* WHAT TO DO
In the records below, find the line that contains "An over the" and the line that contains "Effects of the". Set down exactly those lines and every line between them, and nothing more.

* DATA FOR THIS EXERCISE
□ □ □
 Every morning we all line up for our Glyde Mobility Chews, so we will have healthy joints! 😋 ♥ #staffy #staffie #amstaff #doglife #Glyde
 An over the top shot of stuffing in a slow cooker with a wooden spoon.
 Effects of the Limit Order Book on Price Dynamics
□ □ □
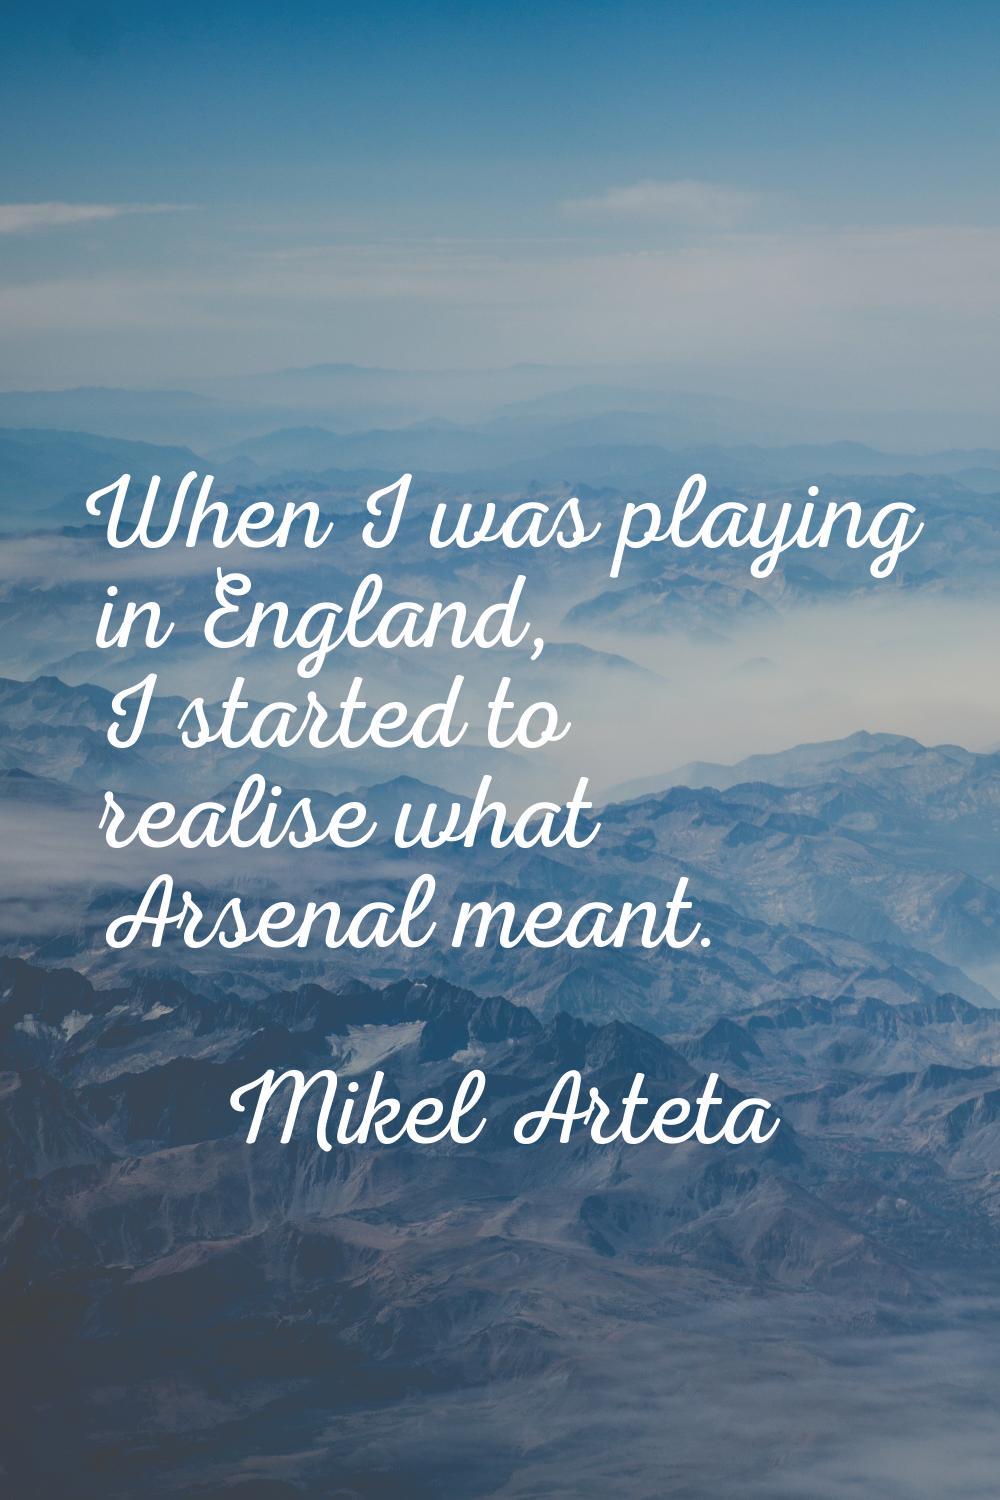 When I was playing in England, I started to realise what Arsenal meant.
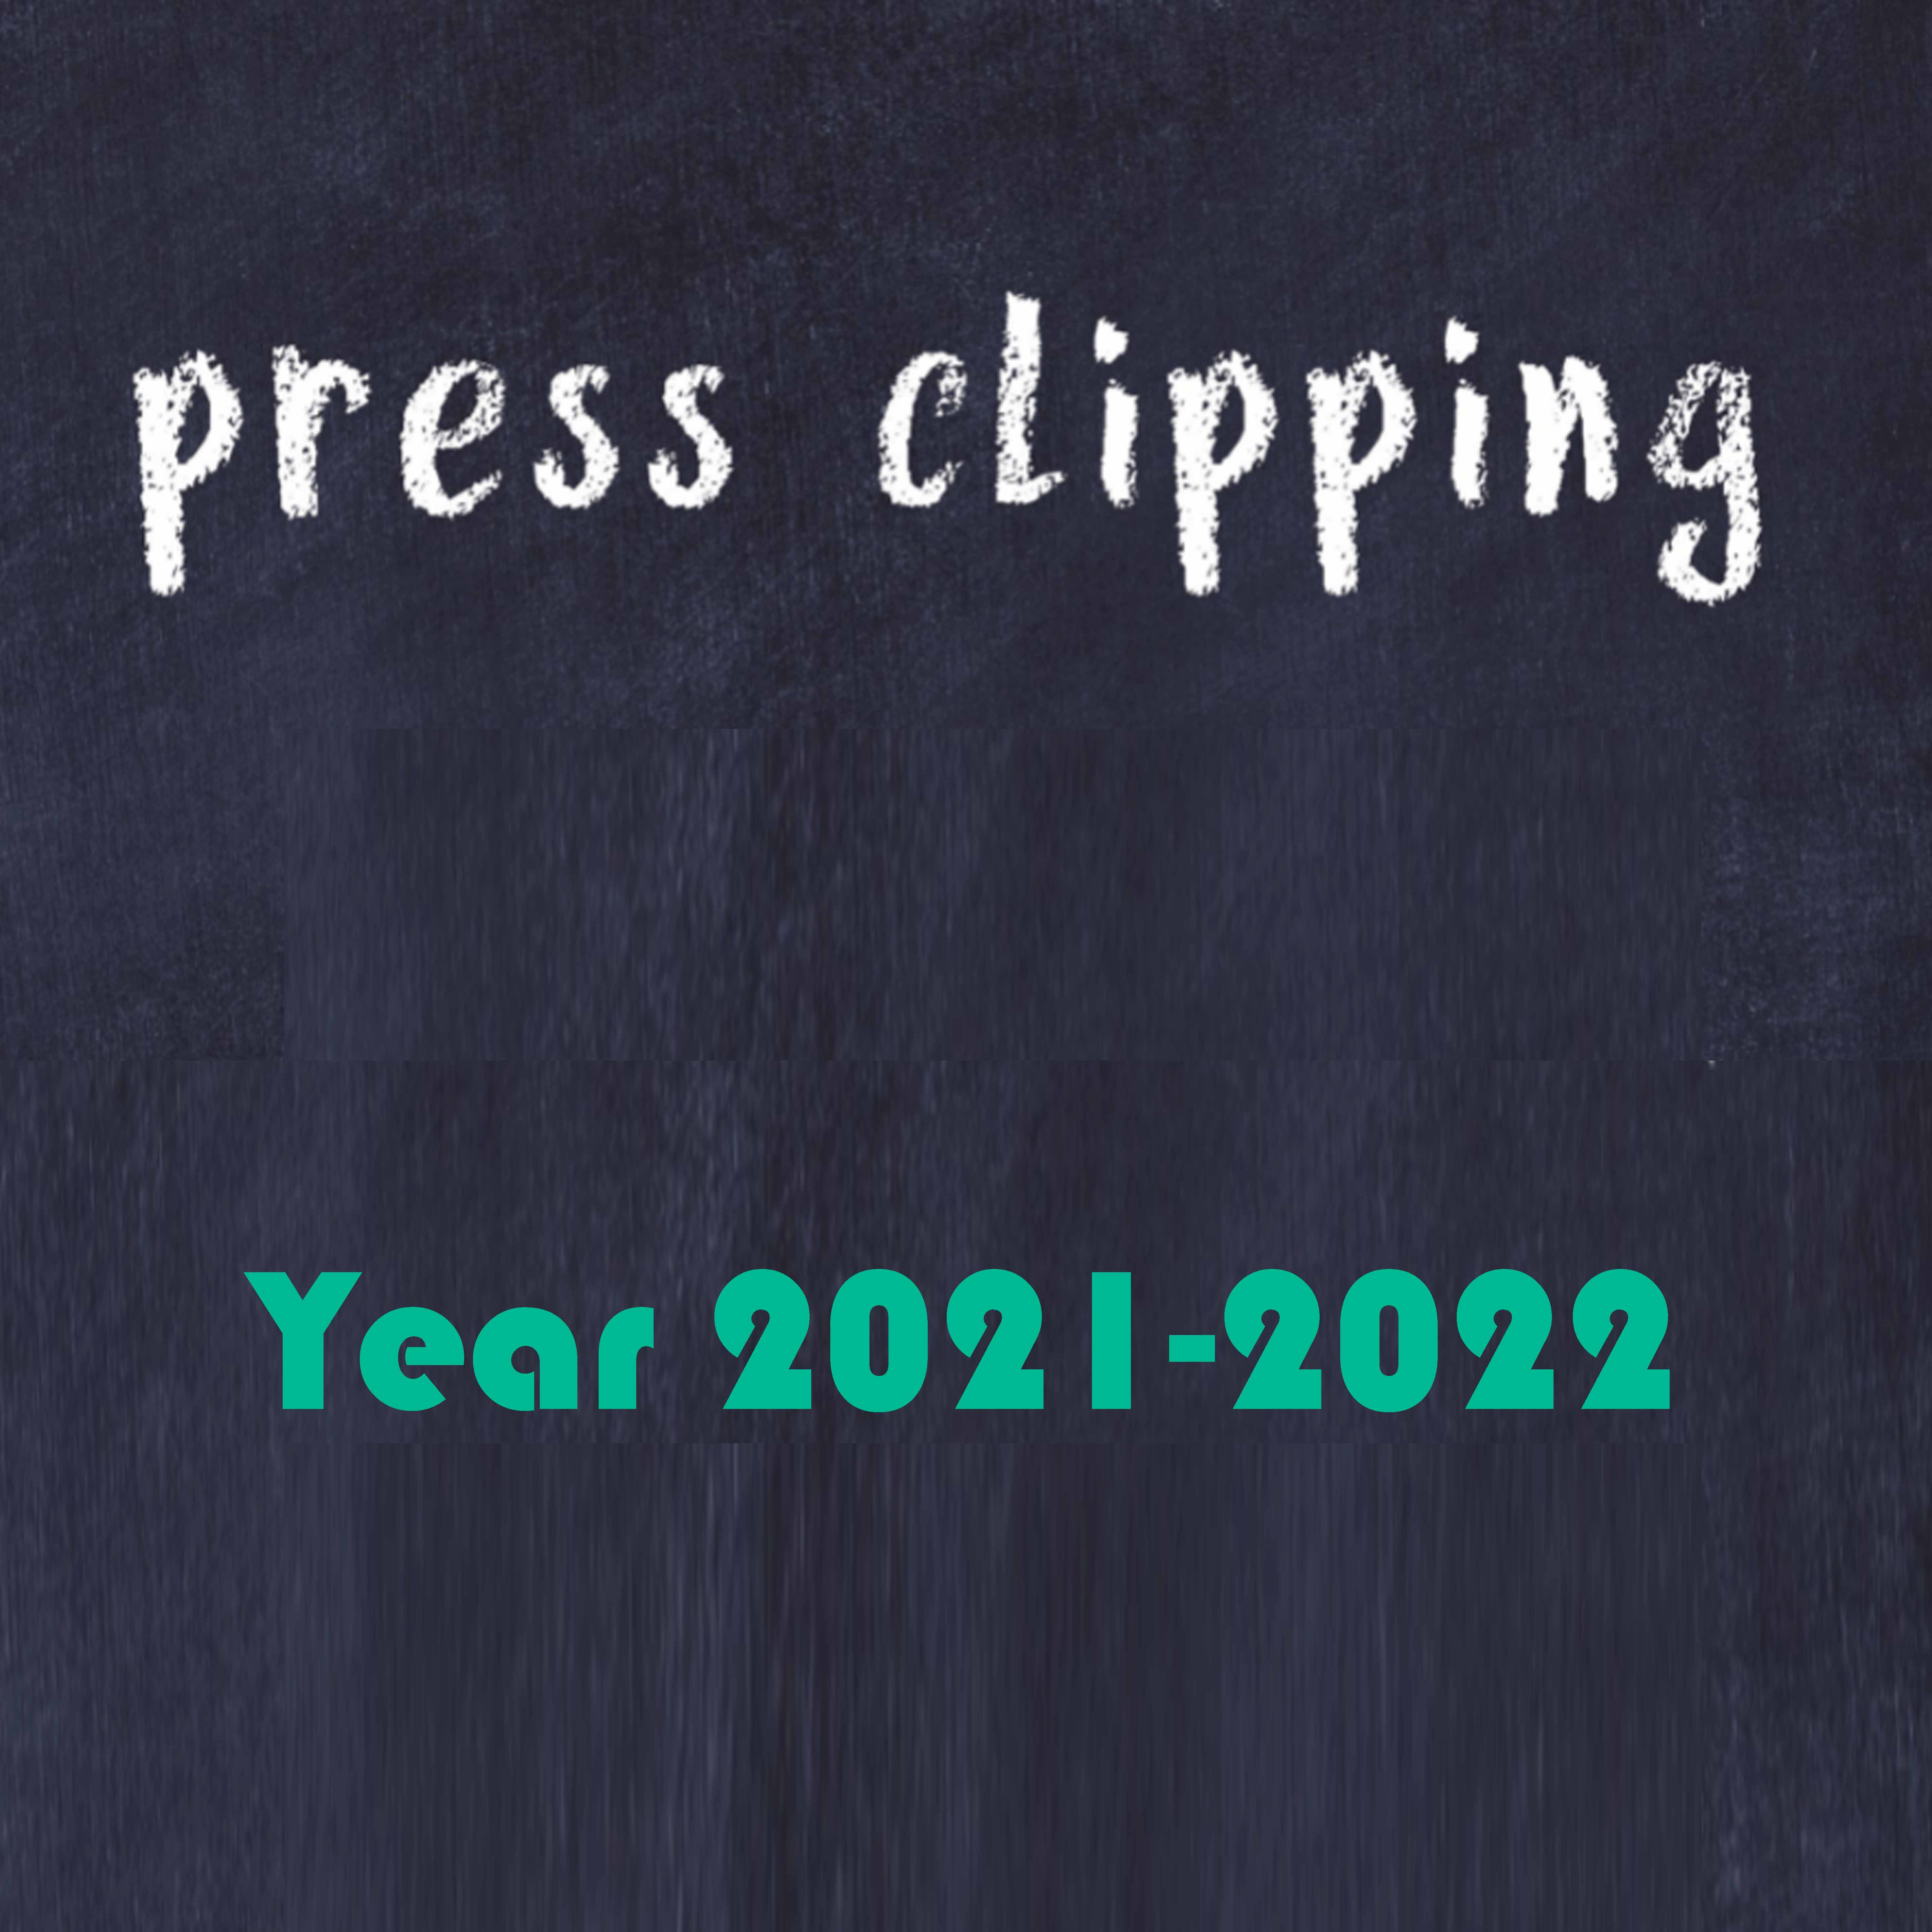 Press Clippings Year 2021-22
□ □ □
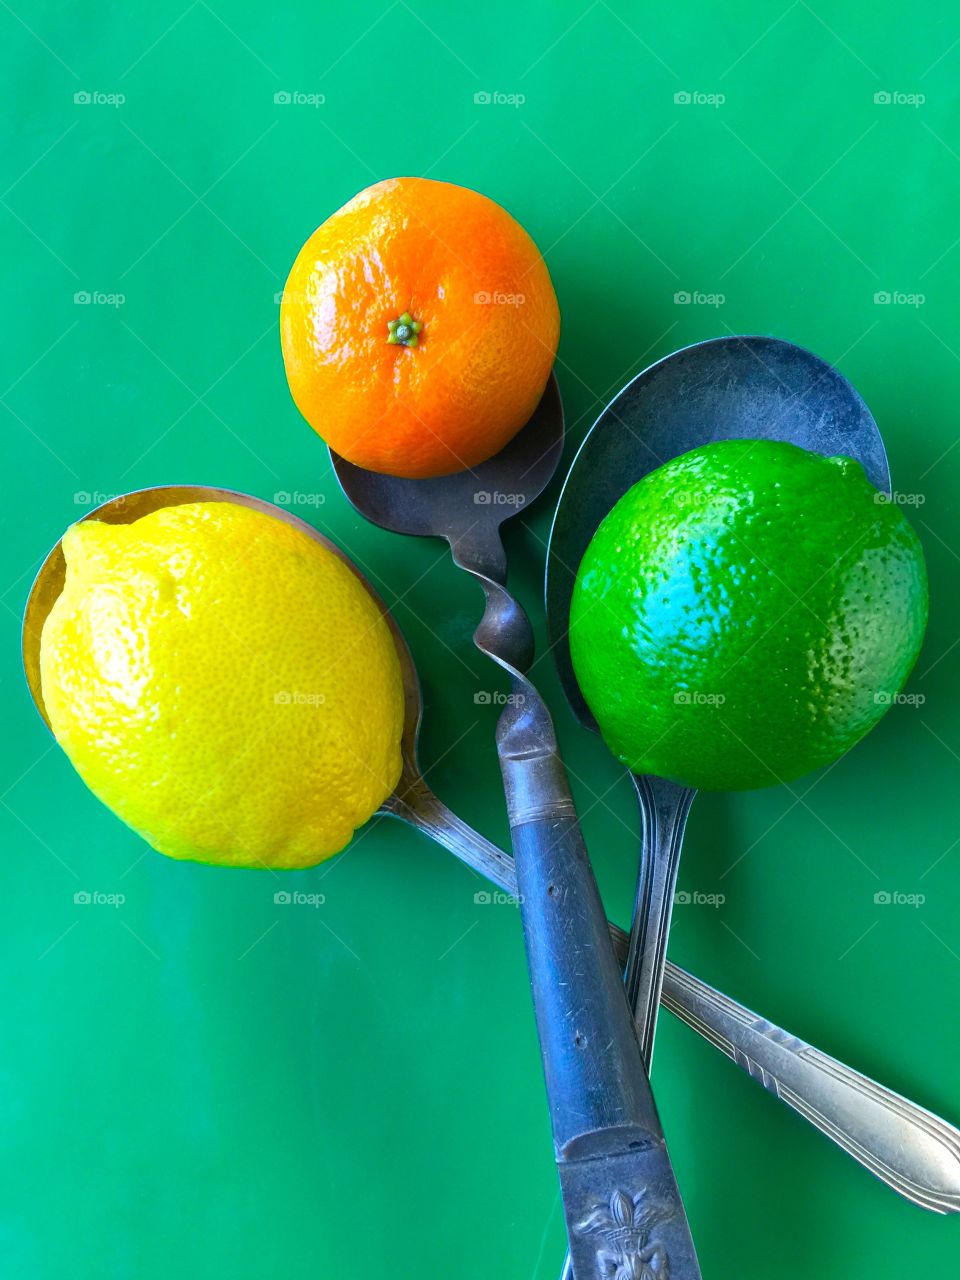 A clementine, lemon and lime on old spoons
□ □ □
* YOUR SOLUTION
 An over the top shot of stuffing in a slow cooker with a wooden spoon.
 Effects of the Limit Order Book on Price Dynamics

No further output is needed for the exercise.